Infinitely Losing My Edge
Yeah, I'm losing my edge.
I'm losing my edge.
The kids are coming up from behind.
I'm losing my edge.
I'm losing my edge to the kids from United States and from Milan.
But I was there.
I was there in 1965.
I was there at the first Beefheart show in Lancaster.
I'm losing my edge.
I'm losing my edge to the kids whose footsteps I hear when they get on the decks.
I'm losing my edge to the internet seekers who can tell me every member of every good group from 1965 to 1979.
I'm losing my edge.
To all the kids in Hong Kong and Delhi.
I'm losing my edge to the art-school New York kids in little jackets and borrowed nostalgia for the unremembered nineties.
I'm losing my edge.
I'm losing my edge.
I can hear the footsteps every night on the decks.
But I was there.
I was there in 1983 at the first Bronski Beat practice in a loft in Brixton.
I was working on the organ sounds with much patience.
I was there when Captain Beefheart started up his first band.
I told him, "Don't do it that way. You'll never make a dime."
I was there.
I was the first guy playing Rowland S Howard / Lydia Lunch to the grime kids.
I played it at the Crocodile.
Everybody thought I was crazy.
We all know.
I was there.
I was there.
I've never been wrong.
But I'm losing my edge to better-looking people with better ideas and more talent.
And they're actually really, really nice.
I'm losing my edge.
I heard you have a compilation of every good song ever done by anybody.
Every great song by Blancmange. All the underground hits.
All Sam Rivers tracks. I heard you have a vinyl of every Funky Four + One record on German import.
I heard that you have a white label of every seminal dance hit - 1985, '86, '87.
I heard that you have a CD compilation of every good '60s cut and another box set from the '80s.
I hear you're buying an oboe and a theremin and are throwing your macbook out the window because you want to make something real. You want to make a The Divine Comedy record.
I hear that you and your band have sold your sitar and bought a harpsichord.
I hear that you and your band have sold your harpsichord and bought a sitar.
I hear everybody that you know is more relevant than everybody that I know.
But have you seen my records?
The Busters,
Larry & the Blue Notes,
The Sonics,
The Gories,
OOIOO,
Deutsch Amerikanische Freundschaft,
Camouflage,
Hasil Adkins,
China Crisis,
Camron Feat. Memphis Bleek And Beenie Seigel,
Derrick May,
Eyeless In Gaza,
Michelle Simonal,
Faraquet,
Howard Jones,
Harpers Bizarre,
The Grass Roots,
Minutemen,
Black Pus,
The Kinks,
The New Christs,
Godley & Creme,
Selector Dub Narcotic,
Tommy Roe,
Alice Coltrane,
Con Funk Shun,
Ajijia Myrayebe,
Saccharine Trust,
Franke,
Bad Manners,
Lonnie Liston Smith,
Masters at Work,
Mad Mike,
Interpol,
Fort Wilson Riot,
The Walker Brothers,
Sly & The Family Stone,
Scratch Acid,
The Shadows of Knight,
The Fuzztones,
Bobby Hutcherson,
Robert Görl,
Flipper,
Soul II Soul,
Pere Ubu,
Q and Not U,
The Fugs,
Major Organ And The Adding Machine,
Pagans,
Audionom,
Procol Harum,
Tubeway Army,
Niagra,
Charles Mingus,
The Young Rascals,
Lou Reed,
Toni Rubio,
Black Moon,
Moss Icon,
Soul Sonic Force,
The Raincoats,
Jacob Miller,
Intrusion,
Ralphi Rosario,
Agent Orange, Agent Orange, Agent Orange, Agent Orange.
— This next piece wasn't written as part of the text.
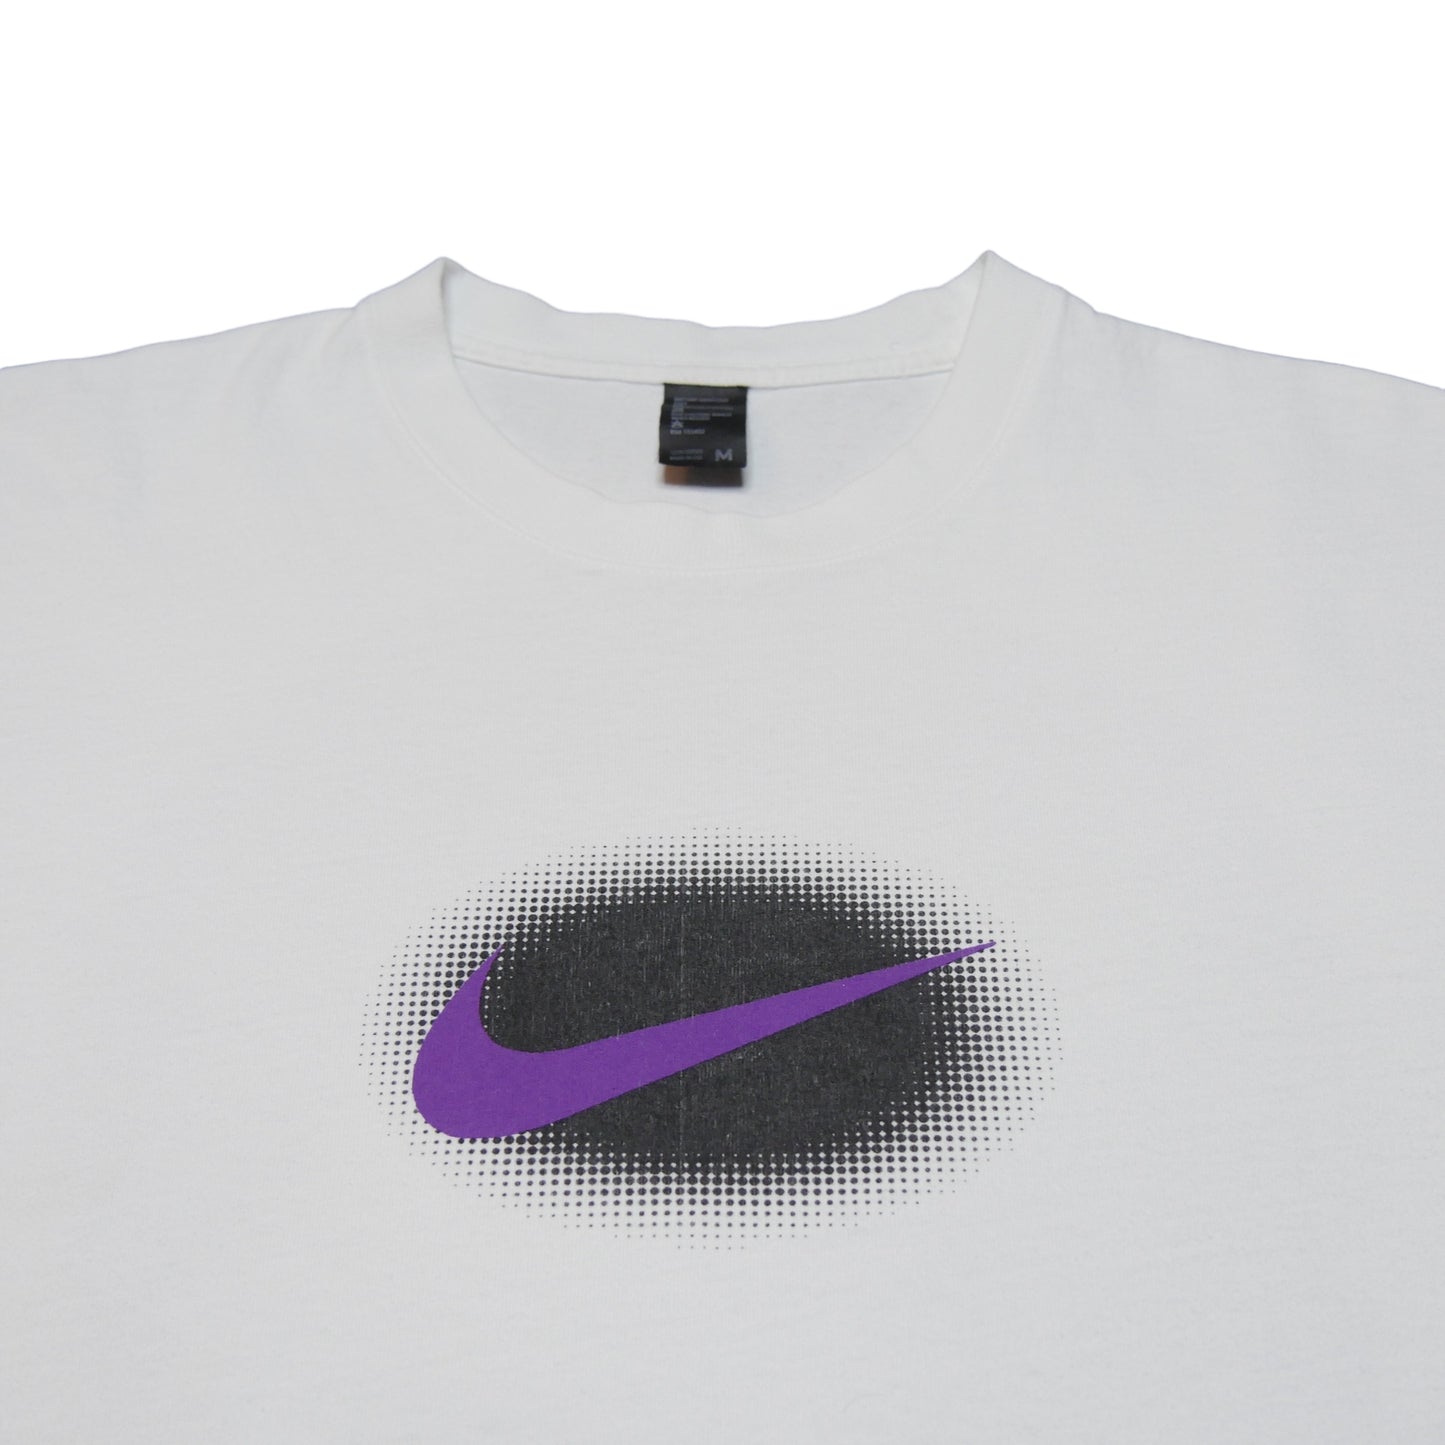 'Frobe' Kobe Bryant Nike Shirt

You don't know what you really want.
You don't know what you really want.
You don't know what you really want.
You don't know what you really want.
You don't know what you really want.
You don't know what you really want.
You don't know what you really want.
You don't know what you really want.
You don't know what you really want.
You don't know what you really want.
You don't know what you really want.
You don't know what you really want.
You don't know what you really want.
You don't know what you really want.
You don't know what you really want.